Other women in my station (married with kids in school and a job) seem to have it so together. They have a certain veneer about them that I can't seem to mirror. They are all 10 years older than me, pulling into the parking space next to me in their SUV's. Usually Durangos now, often Limited Editions. I can't help but wonder if their homes and marriages are as sleek as their hair and acrylic nails. There are moments when I feel jealous of their organized appearances, and I wonder if their laundry is piled up at home, or if their husband complains about their cooking and the clothes they buy for the kids. Odd though, I wouldn't trade myself in for one of them. I don't mind my crazy that much, so I read instead of watching American Idol. I bang around on my computer hoping to learn something. I'm not judging them, just observing. They make good character studies. After watching the parade of purses go by, the cloth patchy patch purses, the "named after some lady" purses, the hobo's and Coaches, I decided to make a statement by making my own. It took three nights, but I made myself a neat lined purse. It's red denim, with red and white fabric sewn "wrinkle style" across the front, with a hand stitched basted lip. One of the gals at work said she liked it, and I told her I made it. She said, "Are you one of those women who can do anything?" I replied "I am one of those women who will try to do anything."
I guess life is sort of like that. We are what we are willing to try.
Growing a backbone is about a lot more than growing a wish bone. There is no amount of Pilates, Fish!, Give them the Pickle, Soap Opera, start your own business, be a fancy famous personal shopper, stuff envelopes, get your Real Estate Degree, be a postmaster, black and white, town crier, bunch of full time employment, “get hired,” ads in any paper in any place, tv show, world in the world, that will fix things for you.
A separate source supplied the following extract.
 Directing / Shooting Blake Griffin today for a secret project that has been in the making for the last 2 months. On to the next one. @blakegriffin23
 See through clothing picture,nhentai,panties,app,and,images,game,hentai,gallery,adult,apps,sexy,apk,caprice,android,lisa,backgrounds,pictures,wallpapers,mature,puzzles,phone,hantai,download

We just have to grow a back bone where our wish bone has gotten to be.
So, I will get myself unfreaked, and prepare a family of five to attend grandma's Easter. Just like I do for her Christmas, Thanksgiving and every family birthday. I will attend with them. Later, once it's over, I will go home and rest. I always feel like I've just run my kids out of a burning house after a worry wort attack. Tired, muscles aching numb and a bit brain washed. But I will power on. And I will wonder about things every day. Pondering is the plundering of your experiences. I just hope I find the right tid bits to apply to my tomorrows, and leave all the wrong ones behind.